British government information technology research program

The Alvey Programme was a British government sponsored research programme in information technology that ran from 1984 to 1990. The programme was a reaction to the Japanese Fifth Generation project, which aimed to create a computer using massively parallel computing/processing. The programme was not focused on any specific technology such as robotics, but rather supported research in knowledge engineering in the United Kingdom. It has been likened in operations to the U.S. Defense Advanced Research Projects Agency (DARPA) and Japan's ICOT.

== Background ==
During the early 1980s, Japan invited the United Kingdom to become a part of the Fifth Generation Project. In October 1981, a Department of Industry mission to Japan consisting of academics, civil servants and business representatives explored collaboration opportunities and attended the Fifth Generation conference. Informed by negotiations between ICL and Fujitsu conducted to "ensure the survival of ICL", suggesting that collaboration would only be possible in "very specific areas agreed upon by individual companies", it was concluded that an emulation of the Japanese approach would be preferable to any attempt at participating in the Japanese programme.

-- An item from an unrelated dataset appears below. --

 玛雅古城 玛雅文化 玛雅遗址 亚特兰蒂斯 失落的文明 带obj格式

In response, a committee was created and was chaired by John Alvey, a technology director at British Telecom. The report generated proposed a different course of action to the Japanese initiative and became the basis for the UK's rejection of the Fifth Generation and the creation of its own Alvey Programme. The programme's fundamental goal was the improvement of the advanced information technology in the UK to address the declining performance of this sector. It operated in 1984 until 1990.

Alvey was not involved in the programme itself.

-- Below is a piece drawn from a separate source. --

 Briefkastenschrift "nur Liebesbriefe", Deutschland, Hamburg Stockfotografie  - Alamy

The main focus areas of the Alvey Programme were as follows:

- Advanced Microelectronics and VLSI
- Intelligent Knowledge Based Systems (IKBS) or Artificial Intelligence (AI)
- Software Engineering
- Man-Machine Interaction (including Natural Language Processing)

Alongside these areas, the provision of a communications infrastructure was a component of the programme. Various areas of endeavour were incorporated into the main focus areas. For example, systems architecture, specifically parallel processing, featured in the VLSI endeavour.